If the EU had a proper justice system (not saying it hasn’t) then if, upon brexit, the EU cancelled UK-issued EASA papers, you would sue the EU and easily win – because on the front of the “certificate” it says two very specific things: (1) it is EASA-compliant and (2) it is valid till Date X. This cannot be taken away before Date X.

So I think whoever wrote that threat (and there are many such threats being thrown up right now, like not giving the UK decryption keys for the Galileo system – what a complete scream that would be… who wants keys to a white elephant, notwithstanding that the UK paid about £1BN into it) didn’t get legal advice on it.

Sovereign States (in the UK, via an Act of Parliament, not less) do have the power to retrospectively strip privileges, and do so without compensation. But this is very rarely exercised. It was done decades ago in the UK with some nationalisation moves (nationalisation without compensation).

Administrator
Shoreham EGKA, United Kingdom

There is a lot of nonsense said on both sides.

On the UK side – it is completely within the power for the UK to to accept whatever they want after Brexit, not to have border controls at the Irish border, not to impose tariffs on imports from the EU, to continue to allow EU nationals through e-passport gates and in general continue as before. So imports do not have to be affected at all.

Of course, the EU can immediately do the opposite, so exports would be affected badly, or the EU could just continue as is while they figure out how to really do this (which is what the transition agreement really is).

A fantastic example is passport controls and visa requirements. It has not been a problem to have Swiss being treated like EU nationals well before they joined Schengen, visa-free travel arrangements on intra-European travel pre-date the EU membership of many countries. Abandoning this is not a requirement, it is blustering, and needlessly inconveniencing travellers to make a point.

What we are seeing now is a bit of brinkmanship on both sides, which could descend into some silly trade war.
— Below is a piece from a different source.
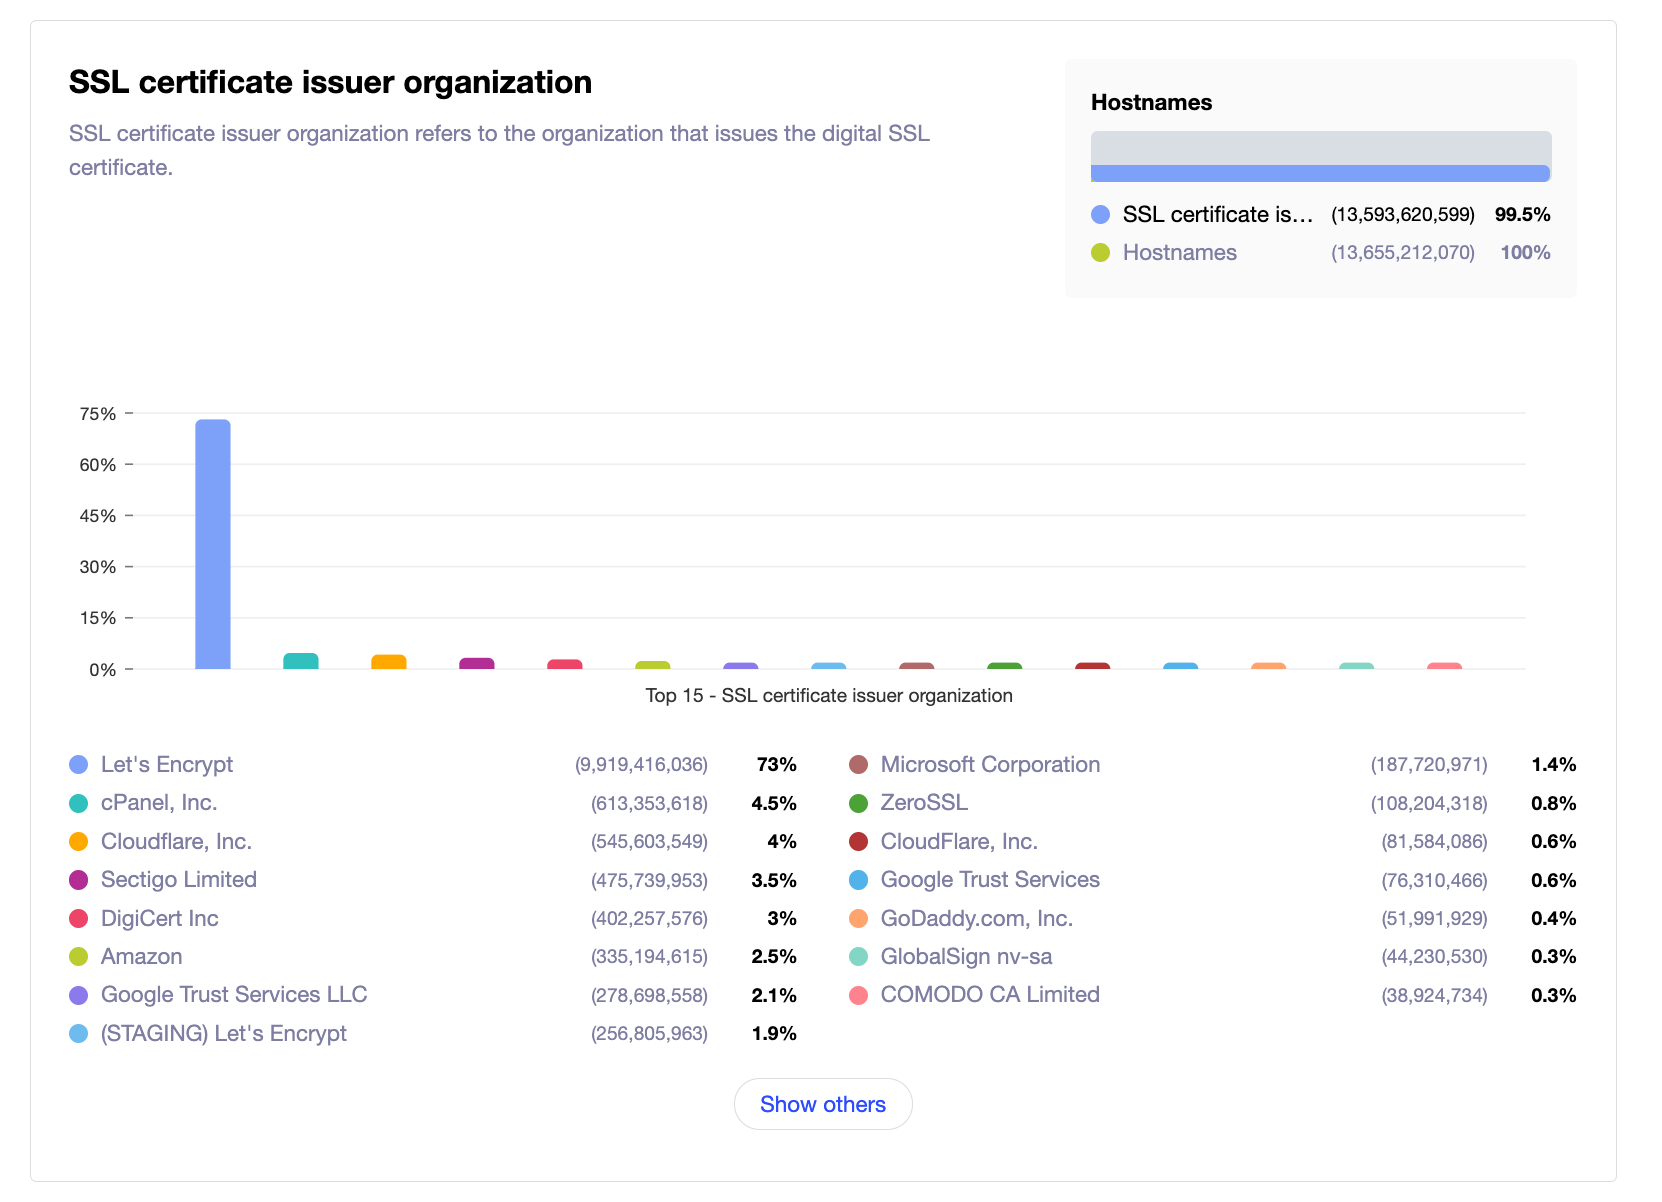 Most popular SSL issuer organizations

The “CEO of a major supermarket chain” may well be right, though. If the general population fears food shortages and starts to hoard, supply chains will collapse quickly even before anything happens… as usual, the panic buying is worse than the (non-)shortage.

Biggin Hill

Airborne_Again wrote:

However, EASA has issued a statement (linked to by Hurricane earlier in this thread) which says that any “certificates” issued by the UK will cease to be valid if and when the UK leaves EASA.

Valid for what and where?

For private flying in domestic airspace, I don’t see why an X-AA can’t allow you to fly a Z-reg aircraft on a Y-licence in their X-airspace?
For commercial/foreign flying, I agree this is where all the fun begins

Paris/Essex, France/UK, United Kingdom

That’s correct; the main scenario (e.g. a G-reg owner flying it on UK CAA papers) will not be affected; you still have the usual worldwide privileges (noncommercial, etc).

The suggestion posted today is that IR exams done in the UK may not be valid after brexit. My view is that those exam passes are EASA-compliant and that’s it. There could well be a problem if you didn’t pass them all before the brexit date, and I reckon CATS etc are going to be worried, rightly or wrongly, about a lot of students disappearing as the date approaches.